MATERIAL PROVIDED:
-- Opening Marker --
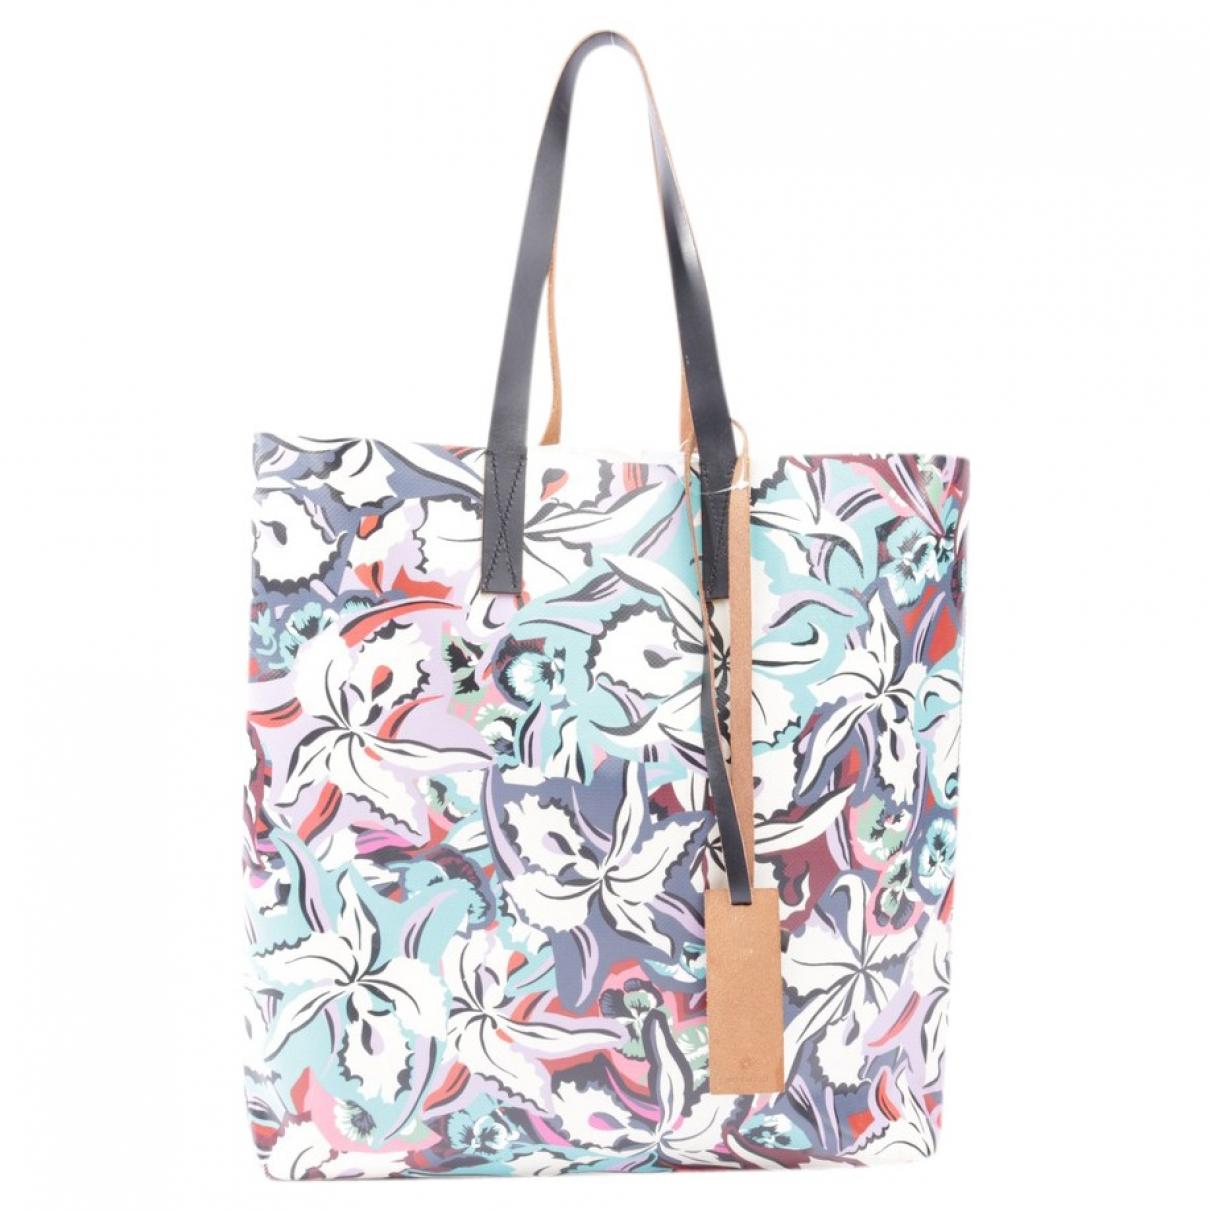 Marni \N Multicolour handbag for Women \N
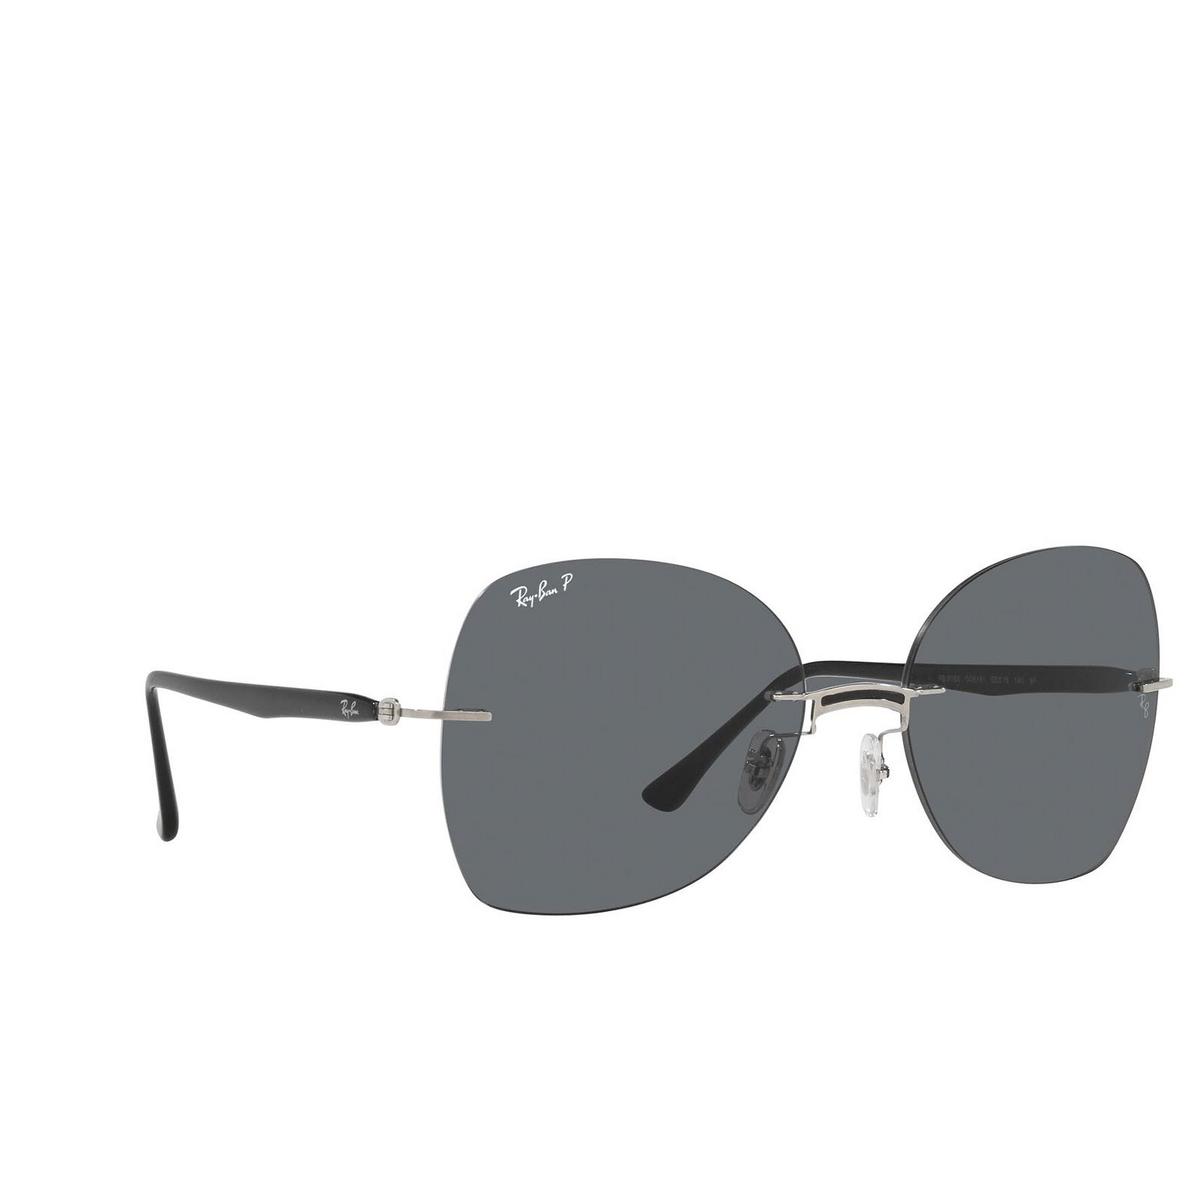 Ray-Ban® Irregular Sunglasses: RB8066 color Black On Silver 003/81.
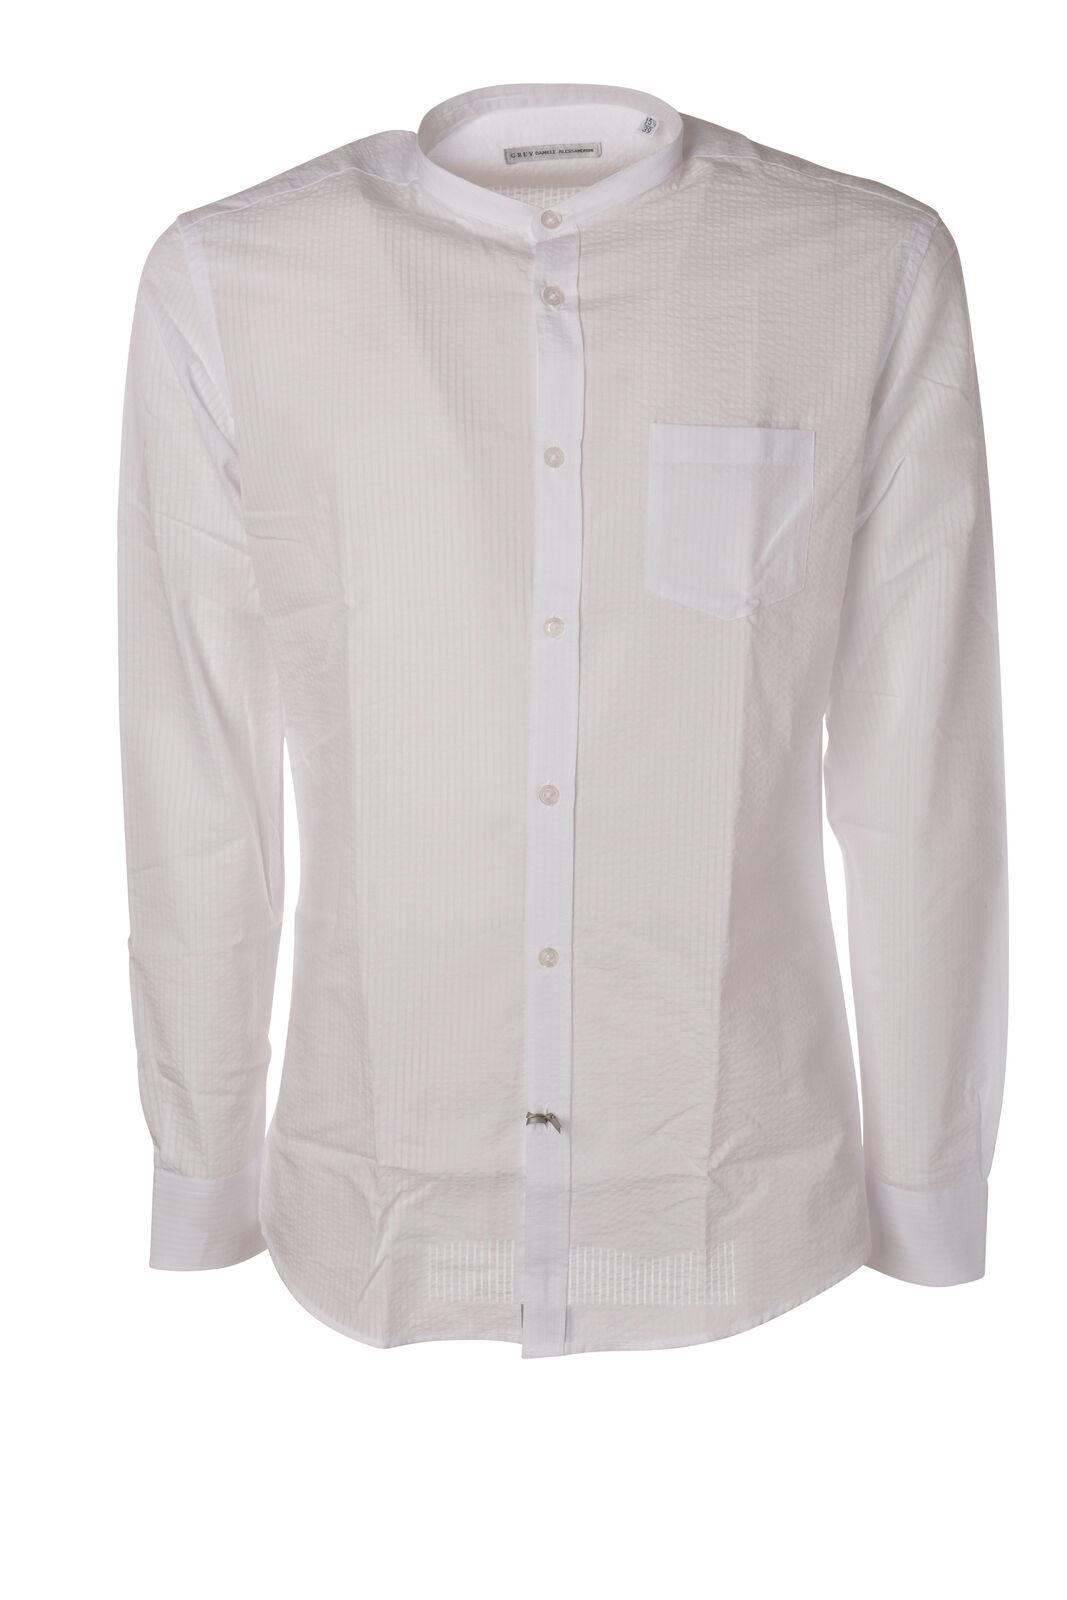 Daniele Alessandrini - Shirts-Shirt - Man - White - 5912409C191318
-- Closing Marker --
WHAT IS NEEDED:
Give back the material above exactly, without pictures.

SOLVED PROBLEM:
 Marni \N Multicolour handbag for Women \N
 Ray-Ban® Irregular Sunglasses: RB8066 color Black On Silver 003/81.
 Daniele Alessandrini - Shirts-Shirt - Man - White - 5912409C191318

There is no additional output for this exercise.